Ashley was great in Resident Evil 4, you could use her as bait, hide her in a dumpster. Ada Wong was also a great female character and violence could happen to her, I image she’s hated by feminists for flimsy reasons. Also haven’t played the game but isn’t there hamfisted stuff about gay characters in TLOU? That really seems like the least important thing to consider in a post apocalyptic world.
Thanks for the summary. While I’m totally with Gamergate on the issues of censorship and SJW bitching, I can’t say I fully get the issue as far as journalism and the industry are concerned (perhaps because anime journalists have no power over the industry whatsoever). Shouldn’t it simply be a matter of:
– if the games suck, don’t buy them
– if the articles suck, don’t read them
Things can get screwed up in the short run, but the people who actually buy and play games are going to get what they want (i.e., pay money for) in the end.
Just looked up the allegedly gay character in TLOU. I guess he’s gay if you read into it? It’s kinda like Dumbledore being gay. Or pretty much anyone being gay.
Shit mate this was a funny review. Not even a gamer but i love the gamergate attitude.
I agree, this review was hilarious.
At the risk of repeating other people, and despite my distaste for anger=humor Youtubers, it’s a pretty worthwhile expenditure of time to watch through Videogamedunkey’s “dunkview” of The Last of Us. I don’t necessarily agree with it, much like everything else the ADHD-addled fucker says, but it does raise some valid points.

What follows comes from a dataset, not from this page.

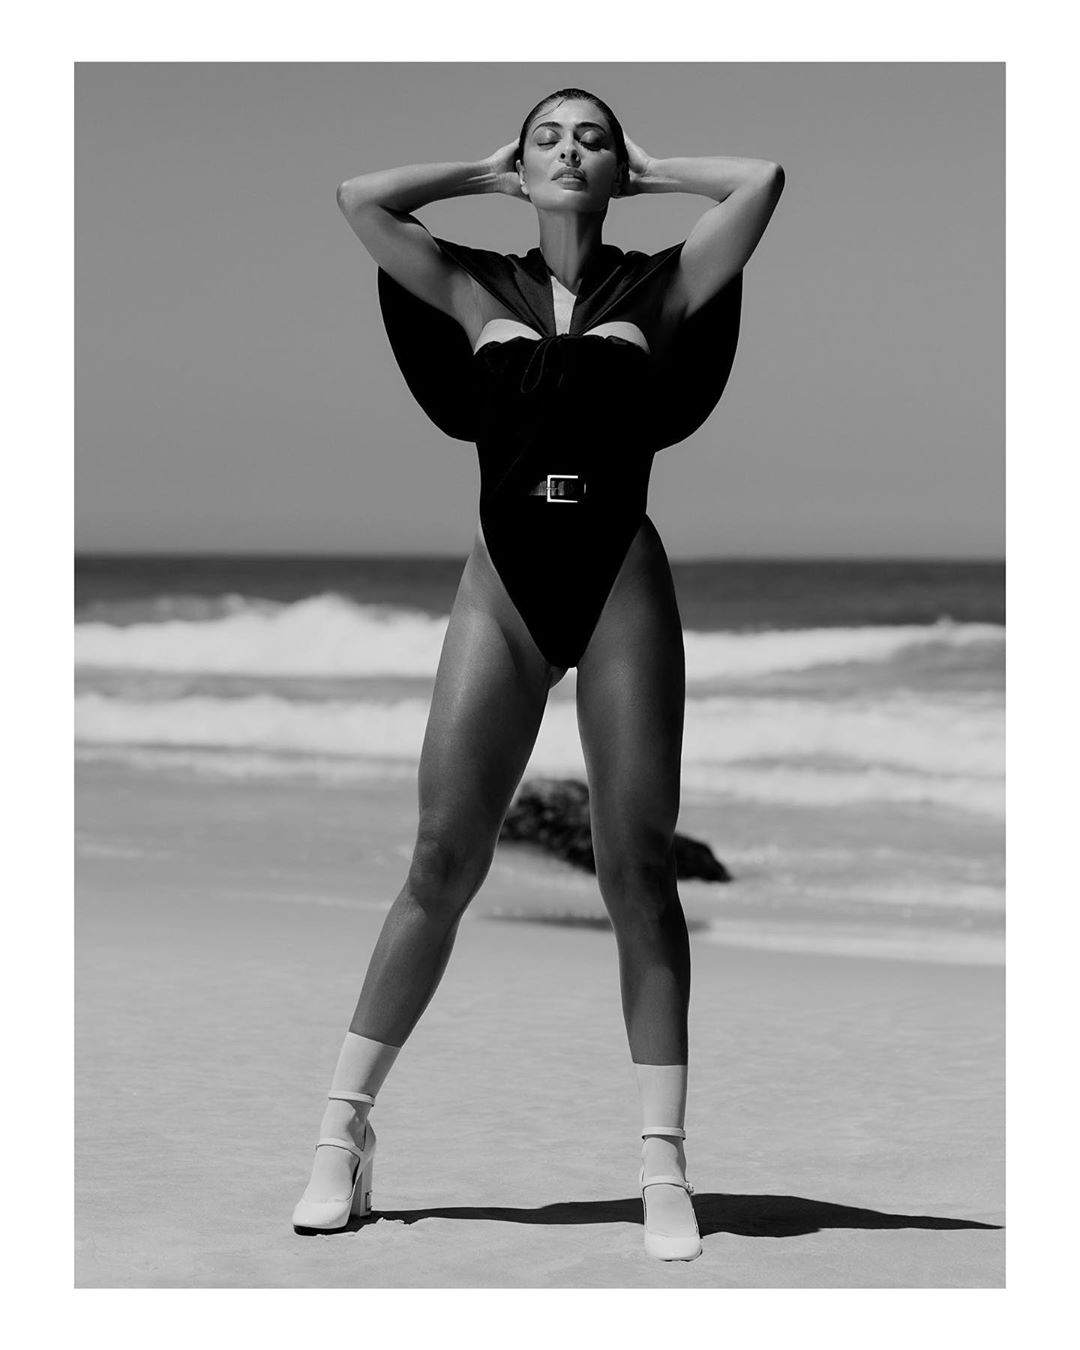 Aos 41 anos, Juliana Paes ostenta curvas poderosas em foto com maiô cavado

That one actually got a lot of flak at the time because at the moment, everybody but everybody who played (read: watched on youtube) it was praising it as the most validating thing since sliced Jesus because of the underaged tiny lesbians that it had, which…SOMEhow… magically made their LIVED EXPERIENCES as PROUD GIANT LAMPREY-HUMAN HYBRIDS suddenly all worthwhile in the grand scheme of things, because they’d really been going through a rough patch of not having enough throats to bleed dry…
And then everybody else who wasn’t blasting the review said it was all a joke because Dunkey being serious about what he says is flatly unfamiliar to any of his fans.

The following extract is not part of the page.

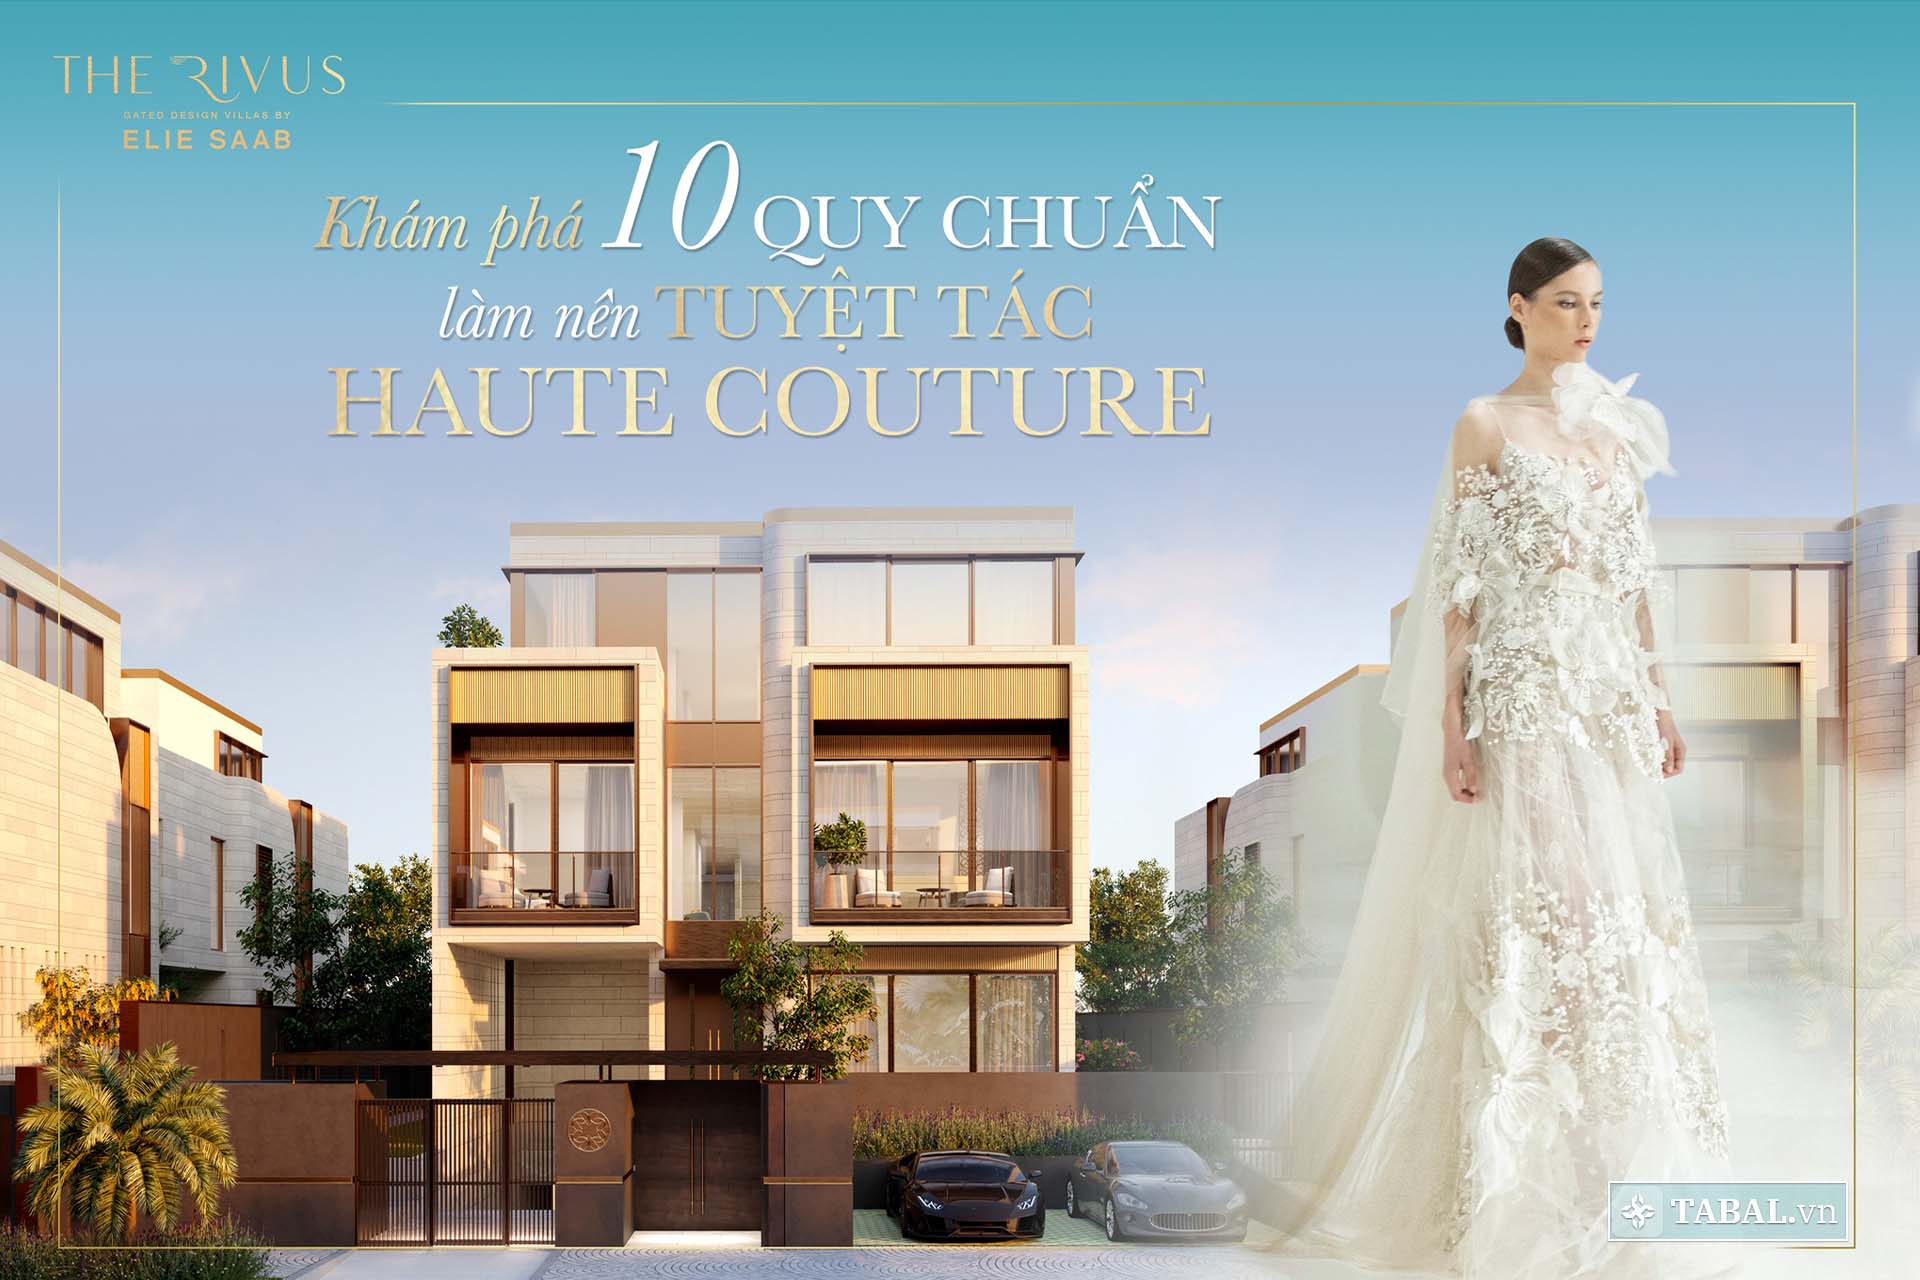 THE RIVUS | Khu dinh thự Haute Couture đầu tiên tại Châu Á

It really needs to be said that his game reviews are the only moment in his entire Youtube channel that Dunkey is ever dead serious.
It was actually a bit odd being one of the few naysayers back then, even if I was totally disconnected from the entire latte-sipping internet douchebag from San Fran crowd who said The Last of Us was any more or less than Uncharted With Zombies And Feels at the time. I remember even running the game’s totally incongruous e-reception by my sister for a shred of verisimilitude only to get a baffled shrug, and that woman chugs soy lattes like a CHAMP.
Now if you’ll excuse me, I have theoretically infinite numbers of sinuous, voluptuous women to objectify with my stylus and paint program….You see, it’s objectification because THE GUN IS GOOD, THE PENIS IS EVIL.
You almost made it sound like the video would be more than 2 minutes and 49 seconds long.
I mean, yeah, it’s a perfectly valid review, though I don’t see how he can complain about the ladder/dumpster/floating crates filler in TLOU while praising Uncharted, which had, and this is a conservative estimate, 1000x the environmental puzzle filler.
I was going to compare TLOU to Uncharted myself, but I didn’t want to come off as a n00b who played no other games he could reasonably reference.